Politicians are quietly mulling possibilities for states to declare bankruptcy and work their way out of crushing debt burdens that include hefty pension obligations, The New York Times reports.
Unlike cities and towns, states currently can't seek protection in federal bankruptcy court, and changing that status could have constitutional implications since states are considered sovereign entities.
Some say allowing states to declare bankruptcy and alter contractual promises to pensioners lowers the risks of federal bailouts.
However, such a move could also hurt those invested in municipal debt.

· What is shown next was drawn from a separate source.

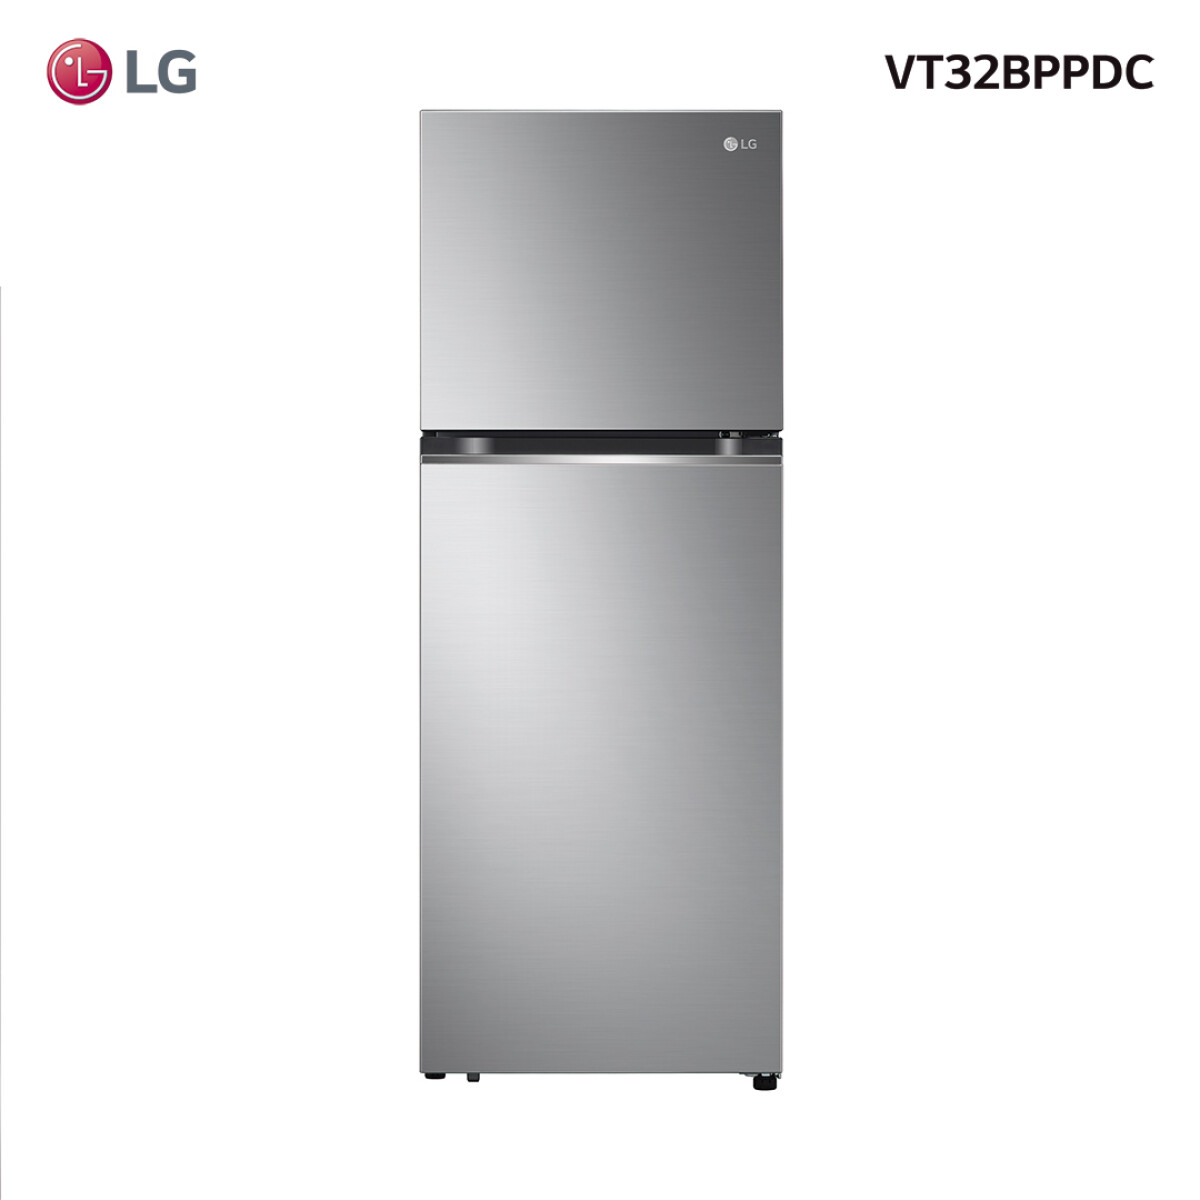 Refrigerador LG inverter 340L VT32BPPDC - 001

"All of a sudden, there’s a whole new risk factor," says Paul S. Maco, a partner at the firm Vinson & Elkins and former head of the Securities and Exchange Commission’s Office of Municipal Securities.
More than $25 billion has flowed out of mutual funds that invest in municipal bonds in the last two months, according to the Investment Company Institute.

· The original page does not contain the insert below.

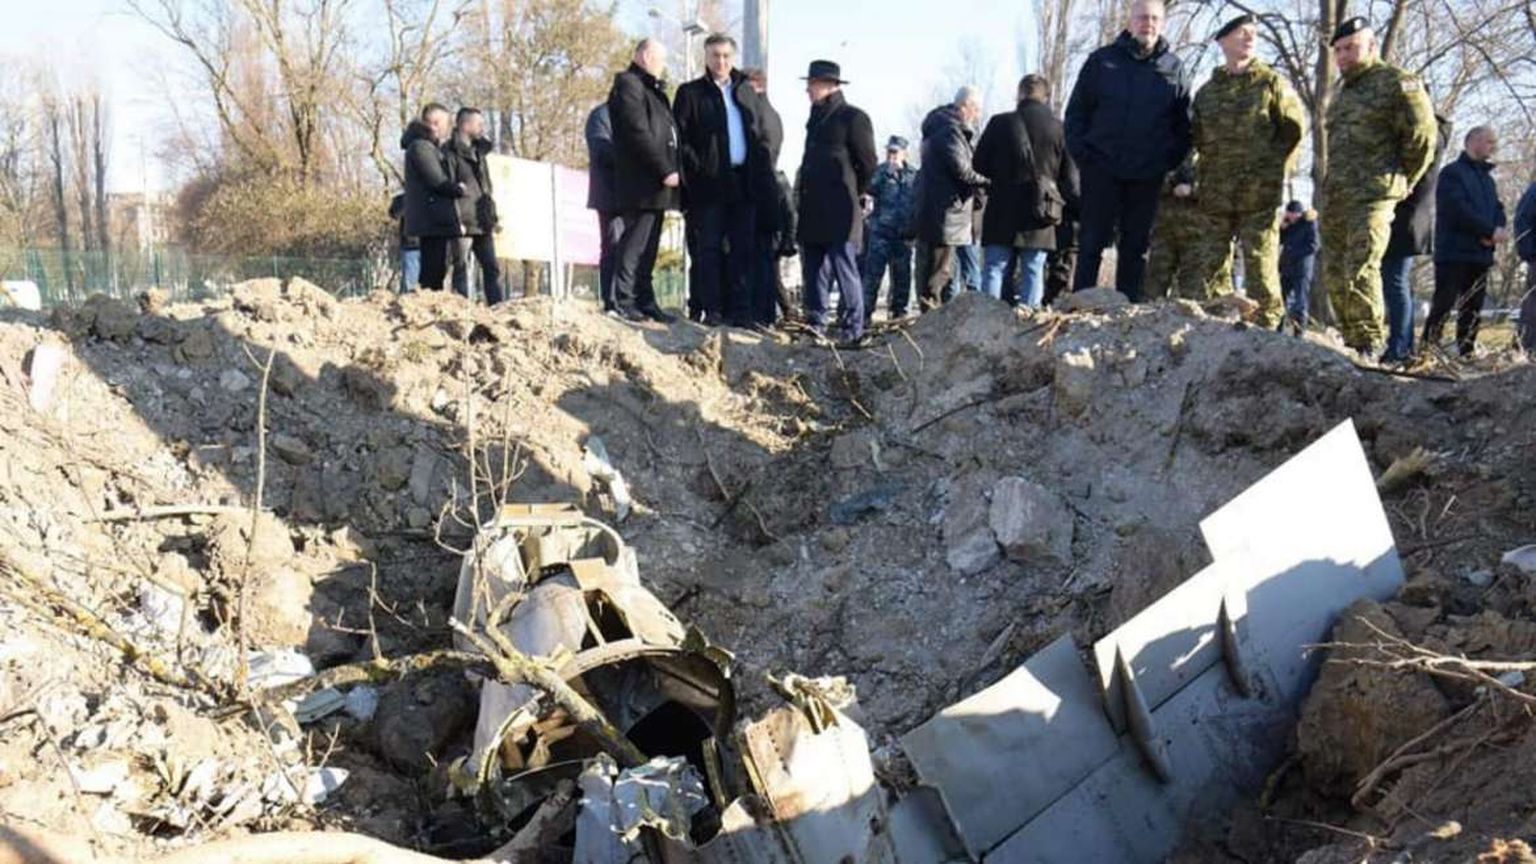 Inimesed Zagrebis drooni poolt 11. märtsil 2022 tekitatud pommikraatrit silmitsemas.

Some have said the recession coupled with contractual obligations are straining local state and municipal finances to the point that defaults are likely, including star analyst Meredith Whitney, who accurately predicted the banking crisis of the last few years.

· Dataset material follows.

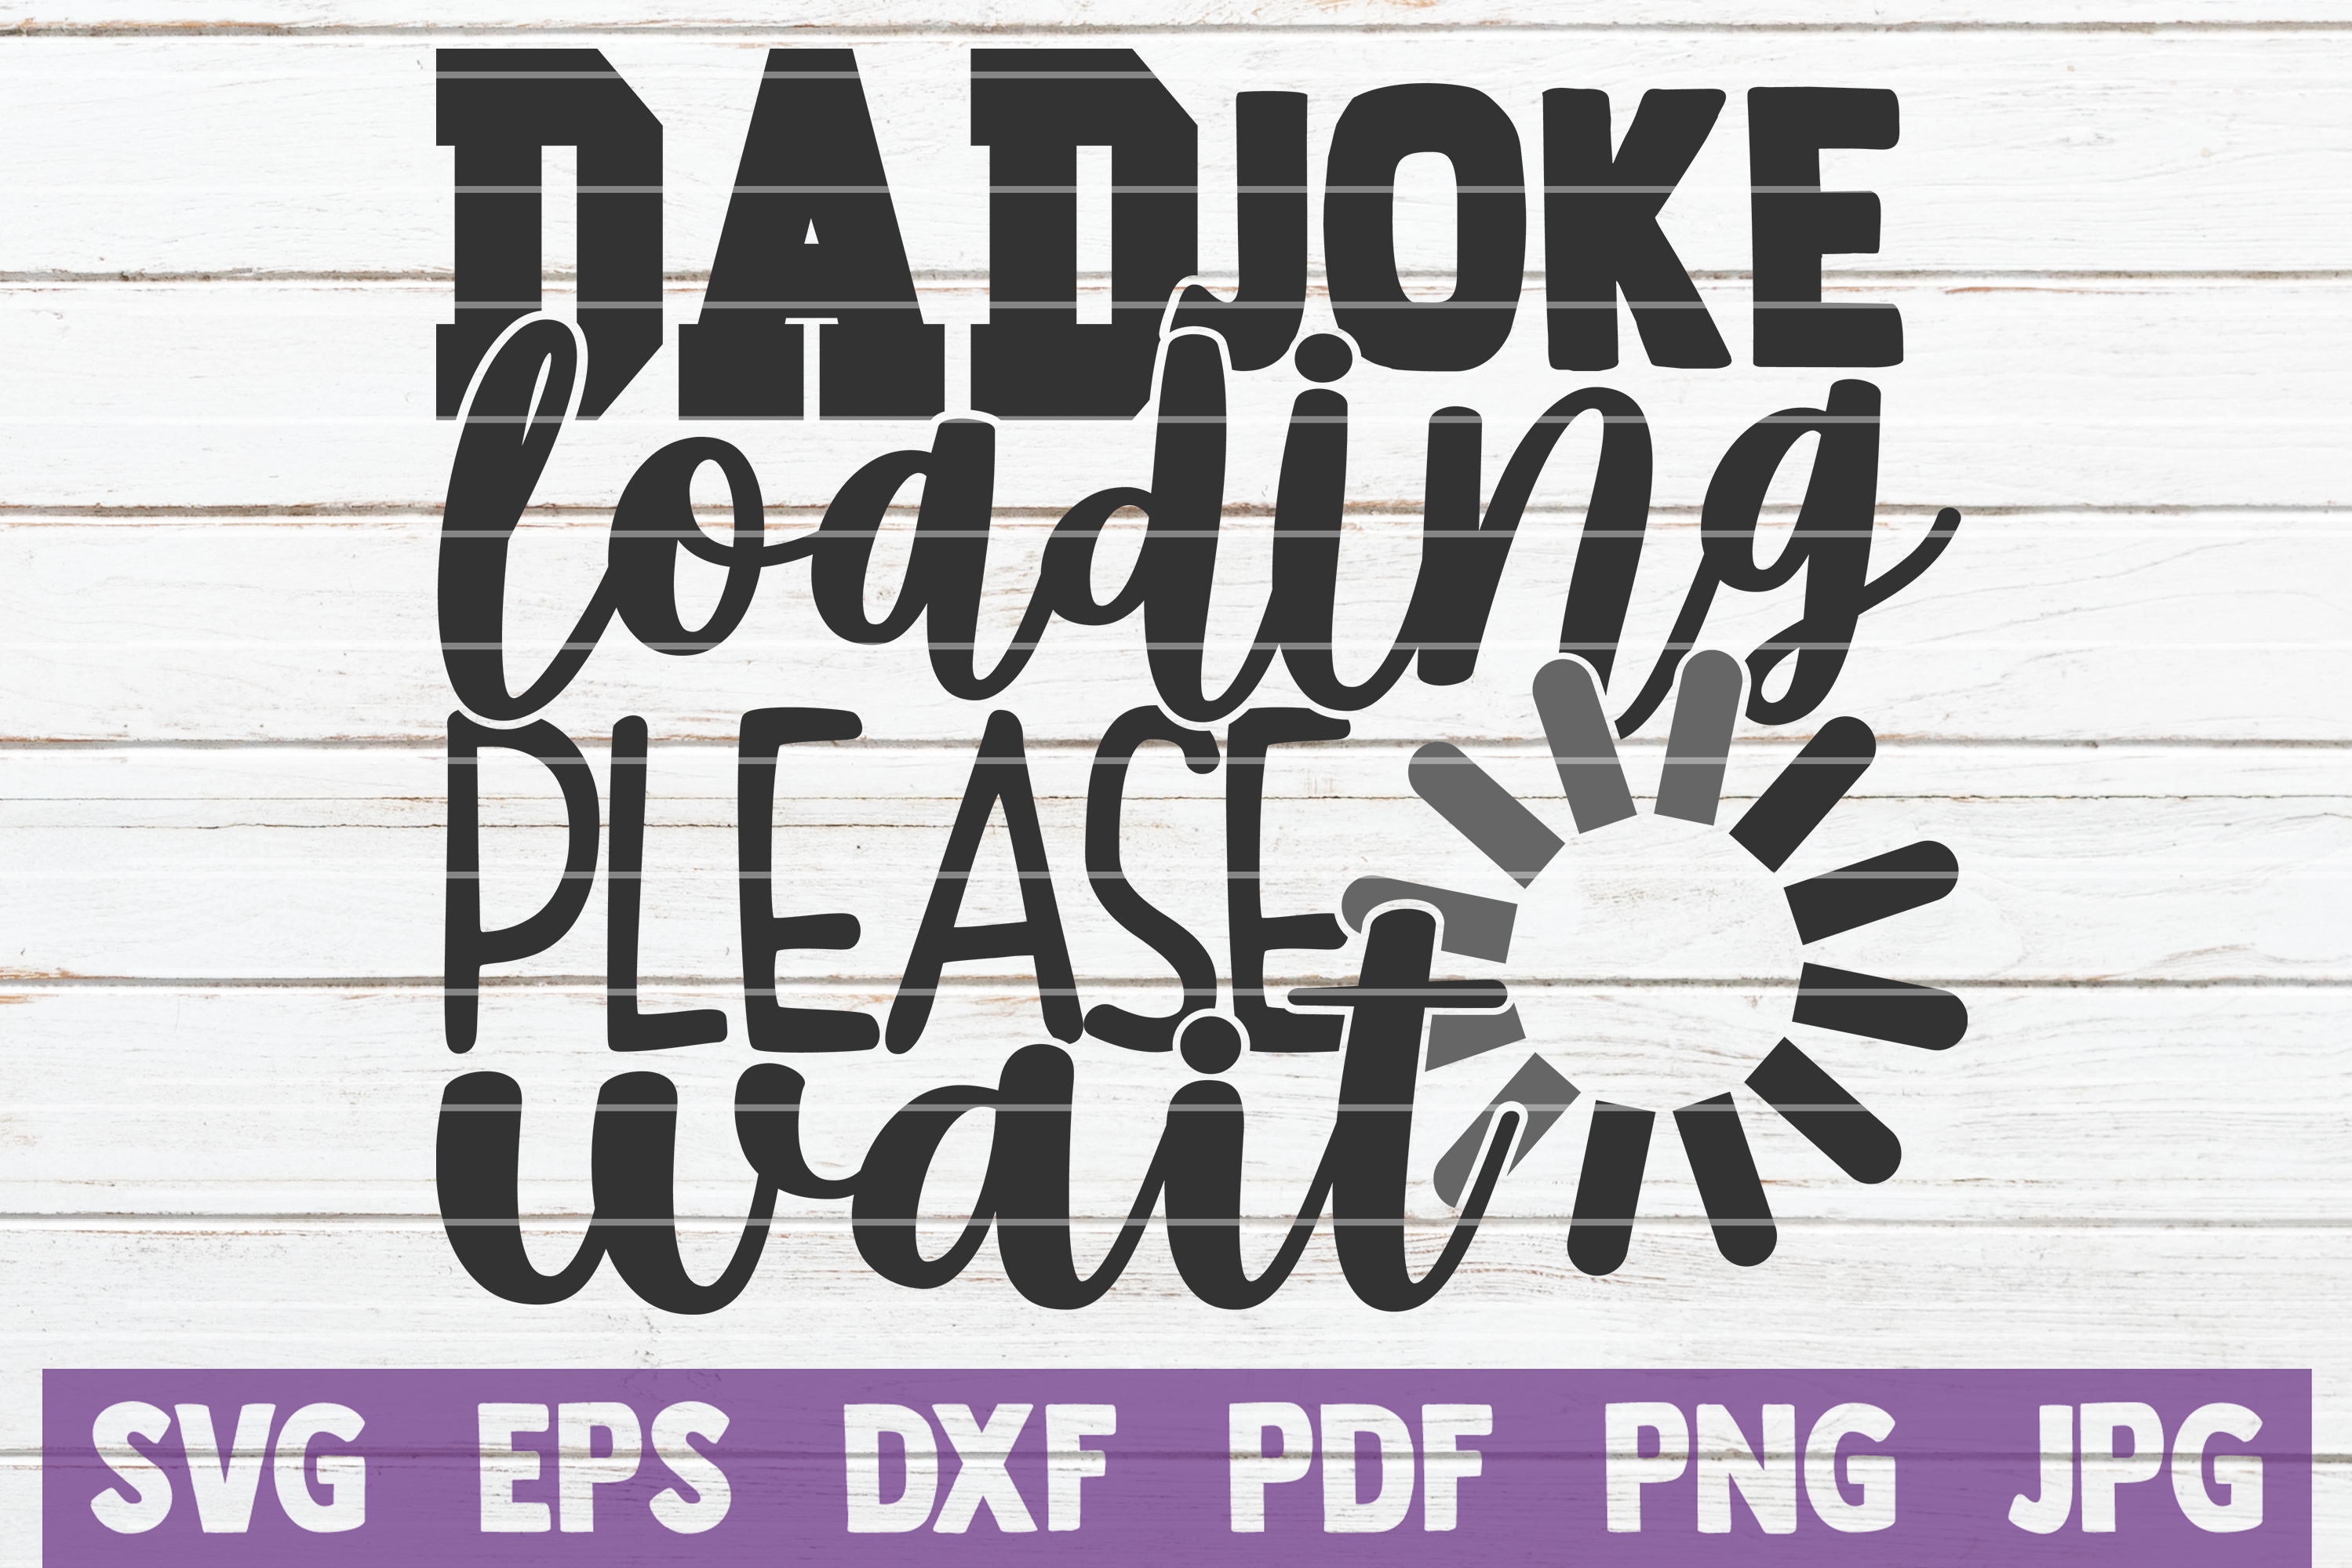 Download Dad Joke Loading Please Wait SVG Cut File

Others says cities and states can work out their financial woes, adding the problem isn't uniform in nature.
"There is no doubt that many issuers of municipal bonds are facing budget and funding challenges that are unprecedented in the postwar era, but we caution against treating the universe of state and local debt obligations as uniformly troubled or treating the municipal market as a homogenous sector," the National Federation of Municipal Analysts says in a statement, Reuters reports.